Les resultará sugerente y hasta familiar el título. Seguramente, de la película bélica protagonizada por Errol Flynn o de aquel grupo musical popero de los 80 con sus "birmettes" danzando locamente. Ni lo uno ni lo otro. Con este título me refiero a la necesidad de emprender nuevas y más contundentes ofensivas mundiales a favor de la Premio Nobel Por la Paz Aung San Suu Kyi y de la democratización de su país: Birmania. Todos los esfuerzos diplomáticos, campañas sociales e iniciativas de protesta y peticiones de súplica que se han dirigido a las dictatoriales autoridades civiles y militares birmanas no han sido en vano. De hecho fueron numerosas, fuertes y efectivas, más siendo insuficientes, con ellas se logró en 2002 la liberalización de la líder opositora que estuvo bajo arresto domiciliario y vigilancia desde 2000.
Lamentablemente, Aung San Suu Kyi sufrió una nueva detención en junio de 2003 con la excusa de velar por su protección, lo que causó poderosa presión y enorme condena internacional de estadistas, diplomáticos y organizaciones pro-Derechos Humanos. Incluso EE. UU se vió obligado a reforzar sus sanciones al gobierno dictador de Birmania.
En esta época de continuadas injusticias, la voz y el pensamiento de Aung San Suu Kyi de la "no violencia" democrática secuestrados por quienes coartan las Libertades, violan los Derechos y mantienen Birmania militarizada entre el caos, la represión y el terror; es como una vela encendida en la oscuridad. La luz que vive en los corazones de la inmensa mayoría de los birmanos. Vencedora real y material de unas elecciones cuyas autoridades le negaron el poder que por derecho, ley y justicia le corresponde. Fue un duro golpe para ella el hecho de ganar limpiamente unos comicios y después impedirsele ser la presidenta democrática, sin poder ejercer como tal, para seguidamente retenerla privándola de libertad en su propia casa.
Por ello, Aung San Suu Kyi sigue siendo la esperanza para su pueblo, el símbolo o referente de todos los democrátas birmanos.
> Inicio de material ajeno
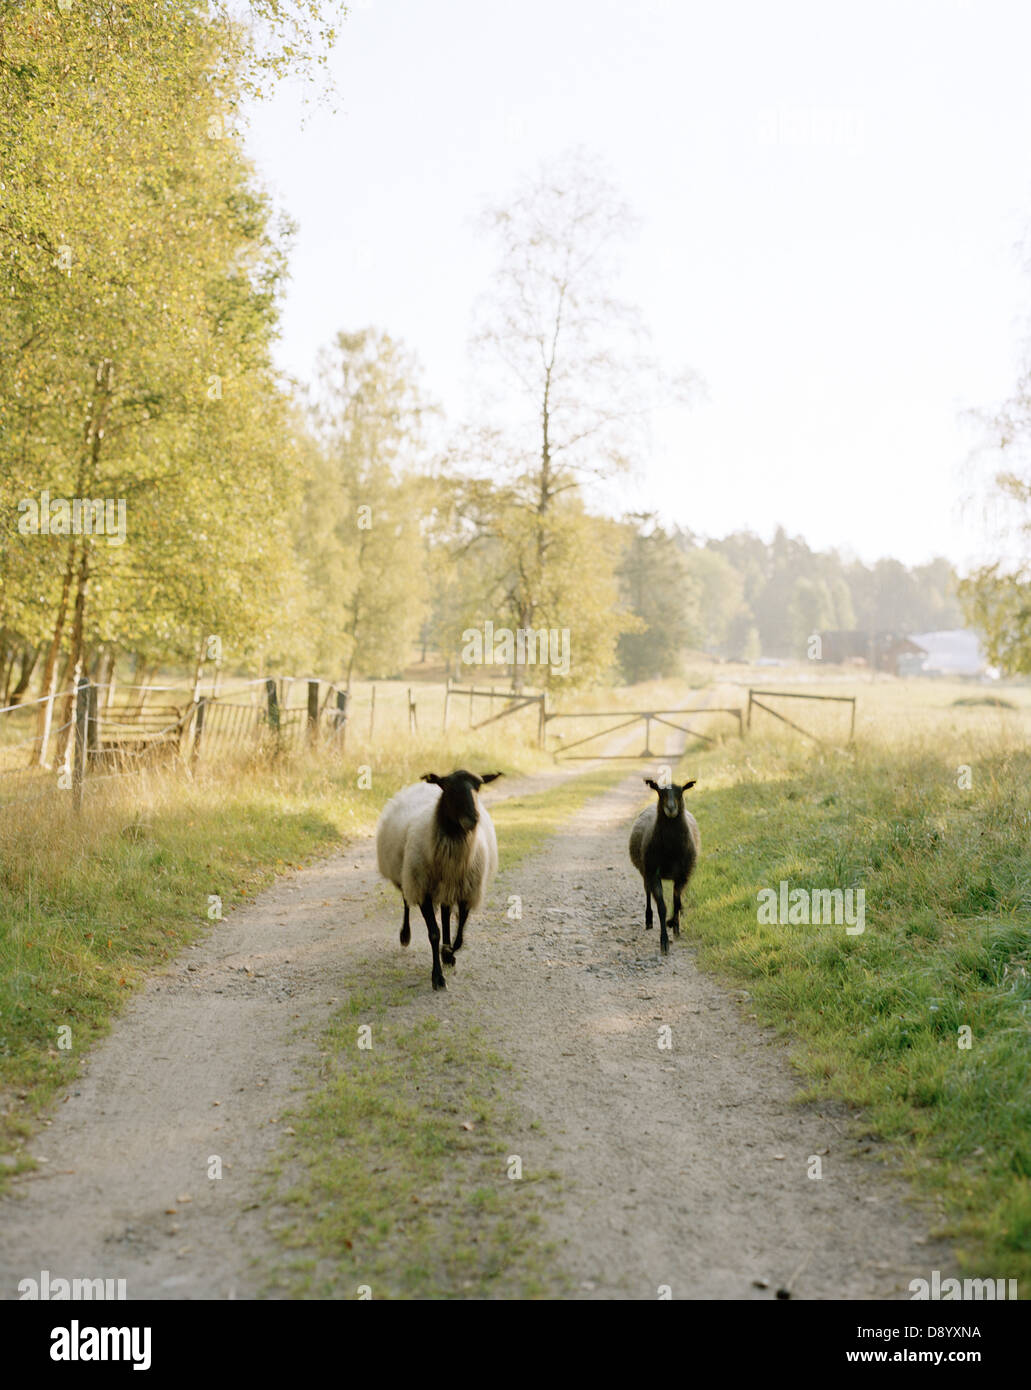 Deux moutons d'exécution sur une route de campagne. Banque D'Images

Pero también es un ejemplo para aquellas mujeres de todas razas y naciones del mundo en similar situación. Es la nueva Gandhi del siglo XXI aunque no luche contra una invasión extranjera sino contra un régimen dictatorial propio. Su no violencia, la humildad y el talante pacifista la distinguen y equiparan a prestigiosas figuras del Humanismo y la Paz como Mahatma e Indira. Ya es casi un mito, un avatar. Un icono. Un arquetipo. Una apóstol del pacifismo, la libertad, la justicia, la lucha de clases, el humanismo, la paz, la democracia. La aureola de Aung San Suu Kyi ha trascendido los límites de Birmania. Se ha convertido como Luther King, Mandela, Teresa de Calcuta, Tutú y tantos más; en un símbolo mundial. Es un poco nuestra, de cada uno de nosotros. Aunque en mayor medida del sexo femenino. Si hubiese un solo gramo de la esencia de Suu Kyi en cada mujer del mundo, tal vez las injusticias menguarían. No obstante, seguro que habrá más de una anónima Suu Kyi que no conocemos, en una situación similar a la lider birmana.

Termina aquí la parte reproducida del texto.